In deze zaak heeft het Gerechtshof Leeuwarden op 13 oktober 2004 uitspraak gedaan in hoger beroep tegen de beslissing van de kantonrechter van de rechtbank Rotterdam van 12 december 2003. De kantonrechter had het beroep van de betrokkene ongegrond verklaard. De gemachtigde van de betrokkene heeft op 15 april 2004 geïnformeerd naar de stand van zaken omtrent de beslissing van de kantonrechter, maar de beslissing was niet op de juiste wijze bekendgemaakt aan de gemachtigde. De griffier van de rechtbank had verzuimd om een afschrift van de beslissing naar de gemachtigde te sturen, waardoor de beroepstermijn niet was aangevangen. Het hof oordeelt dat de termijn voor het indienen van het hoger beroep pas aanvangt op het moment dat de beslissing op de voorgeschreven wijze is bekendgemaakt. In dit geval was de gemachtigde al begin maart 2004 op de hoogte van de beslissing van de kantonrechter, maar heeft hij pas op 15 april 2004 actie ondernomen om de inhoud van de beslissing te achterhalen. Hierdoor heeft hij niet tijdig hoger beroep ingesteld, wat leidt tot niet-ontvankelijkheid in het hoger beroep. Het hof verklaart de betrokkene niet-ontvankelijk in het hoger beroep, waardoor de bezwaren van de betrokkene tegen de beslissing van de kantonrechter niet aan de orde komen.

Uitspraak

WAHV 04/00618
13 oktober 2004
CJIB 89057731194
Gerechtshof te Leeuwarden
Arrest
op het hoger beroep tegen de beslissing
van de kantonrechter van de rechtbank te Rotterdam
van 12 december 2003
betreffende
[betrokkene] (hierna te noemen: betrokkene),
wonende te [woonplaats]
voor wie als gemachtigde optreedt [gemachtigde].
1. De beslissing van de kantonrechter
De kantonrechter heeft het beroep van de betrokkene tegen de beslissing van de officier van justitie in het arrondissement Rotterdam ongegrond verklaard.

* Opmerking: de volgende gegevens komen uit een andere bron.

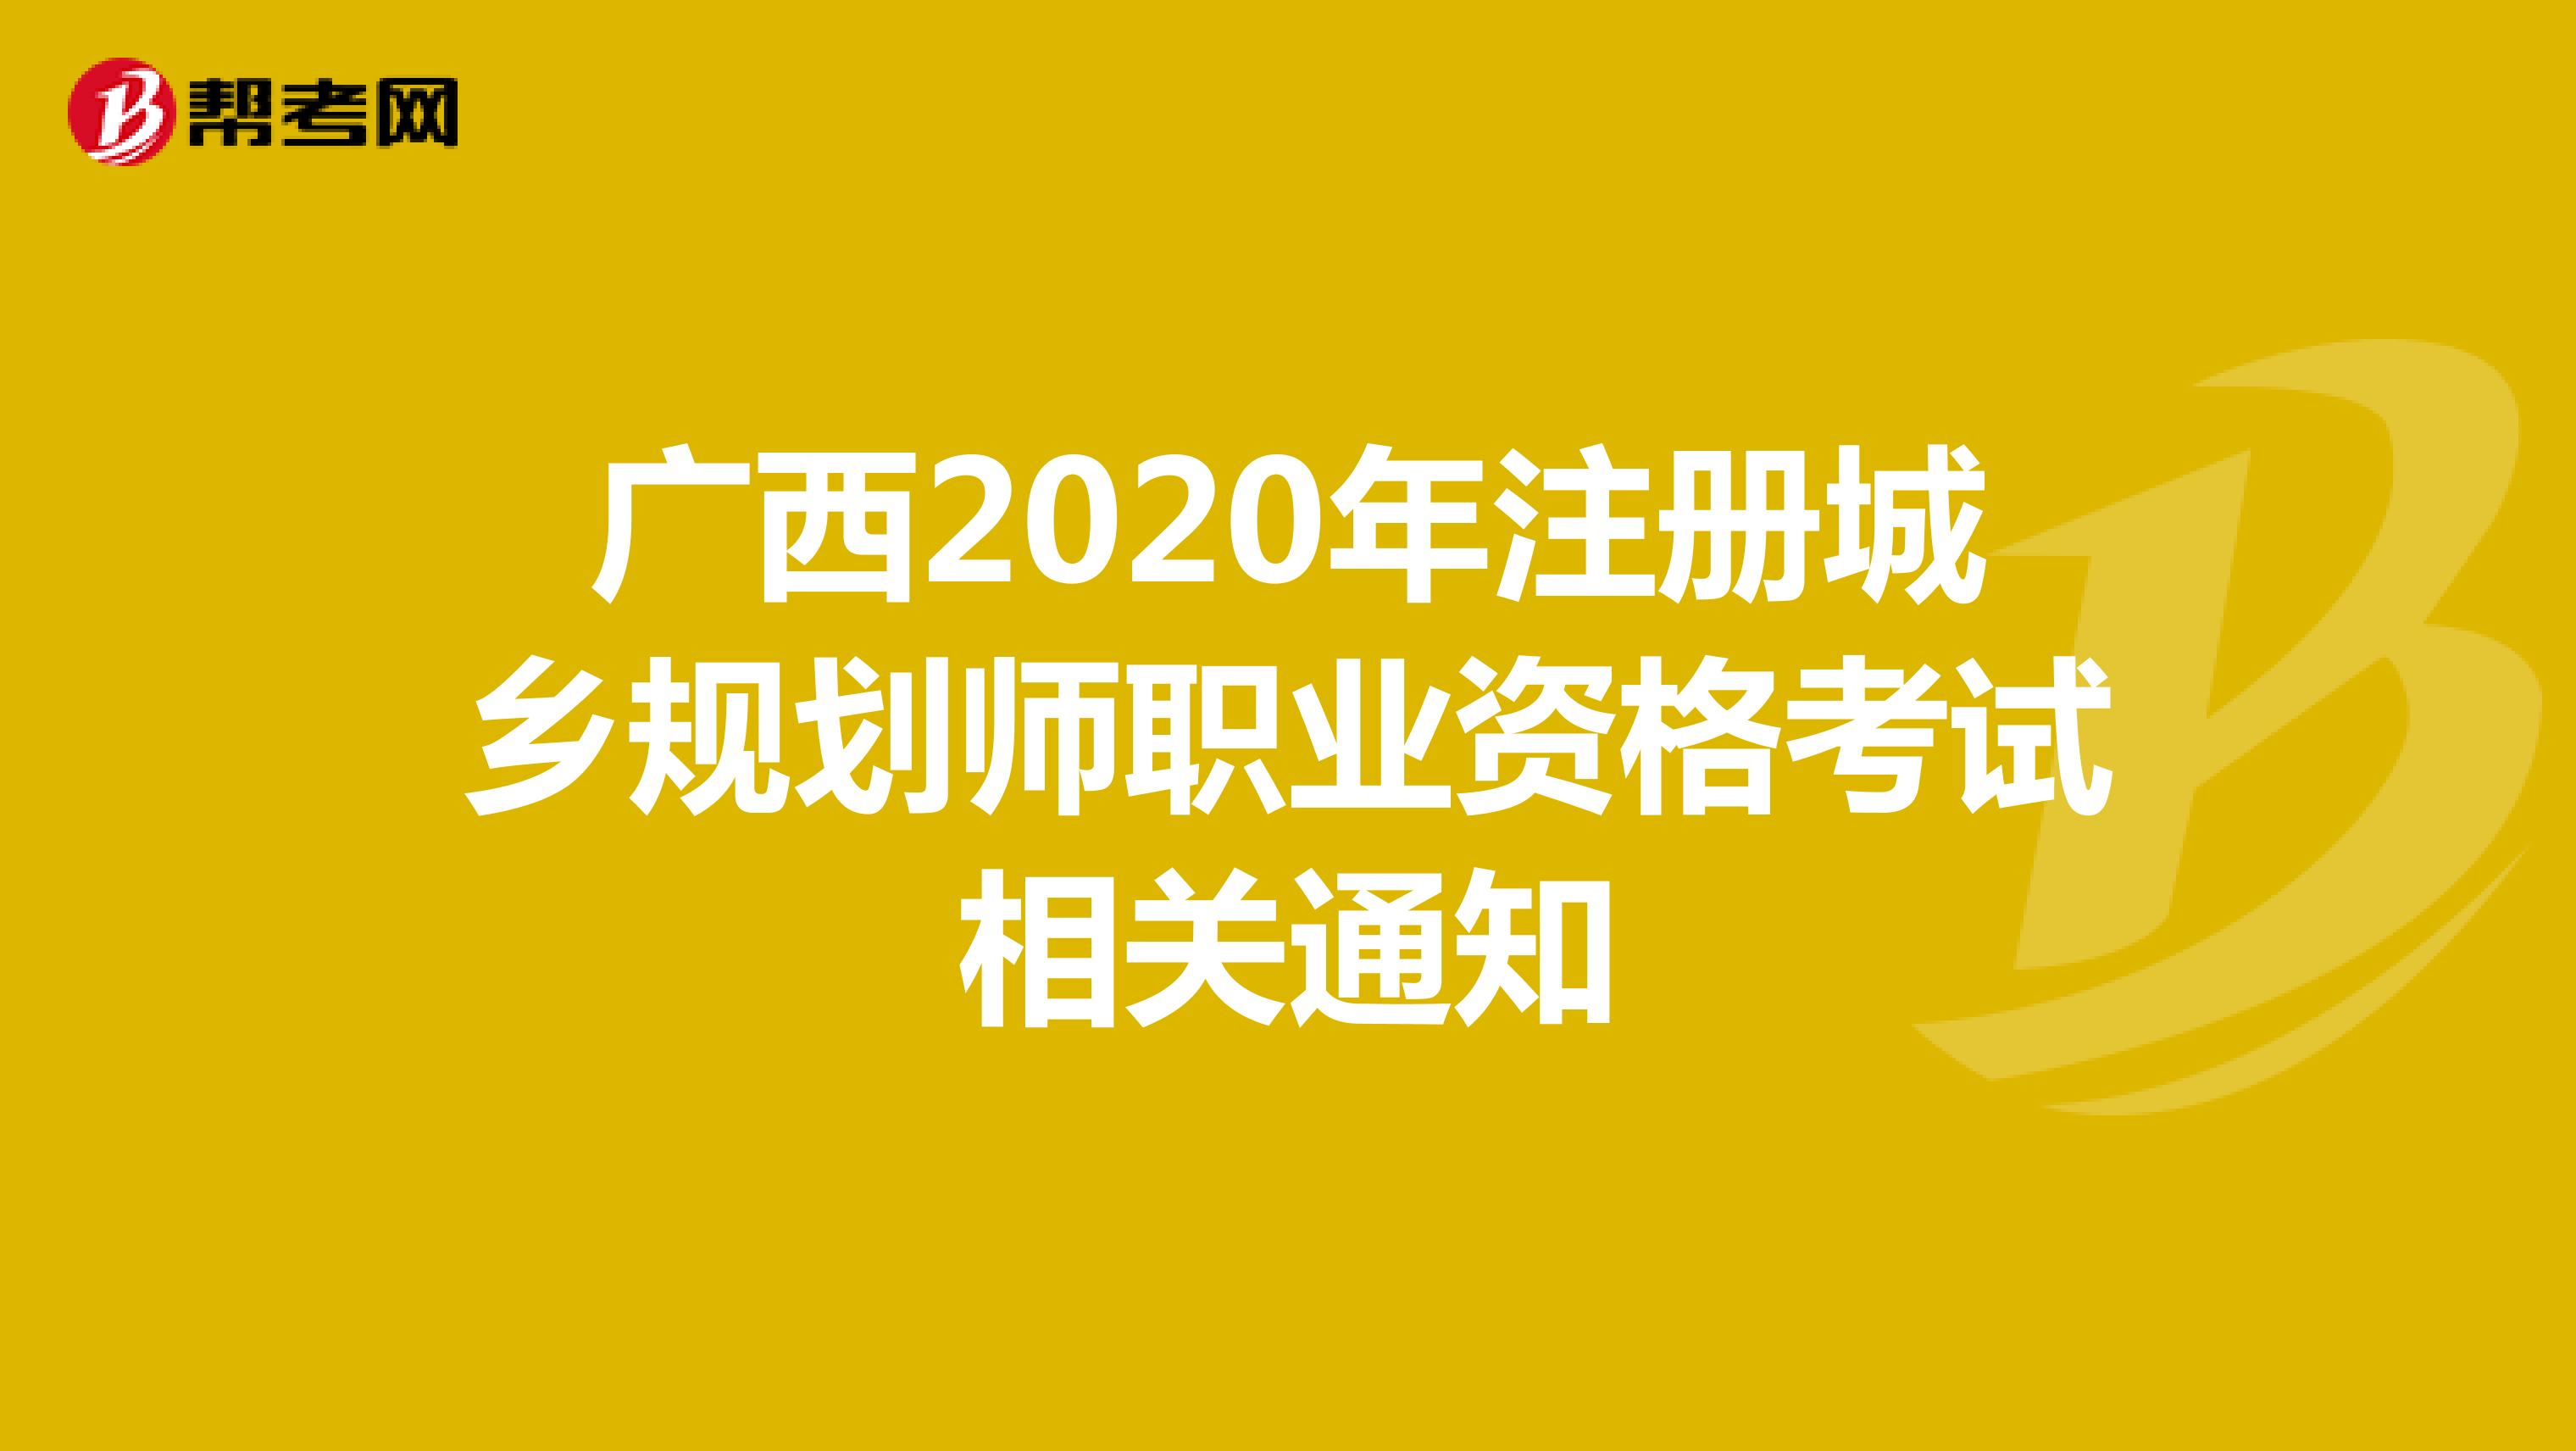 广西2020年注册城乡规划师职业资格考试相关通知

De beslissing van de kantonrechter is aan dit arrest gehecht en maakt daarvan deel uit.
2. Het procesverloop
De gemachtigde heeft op 15 april 2004 bij brief aan de officier van justitie geïnformeerd naar de stand van zaken omtrent het geven van een beslissing door de kantonrechter. Na ontvangst van een brief van de griffier van de rechtbank d.d. 20 april 2004 heeft de gemachtigde bij brief van 27 april 2004 zich beklaagd over de in eerste aanleg gevolgde procedure.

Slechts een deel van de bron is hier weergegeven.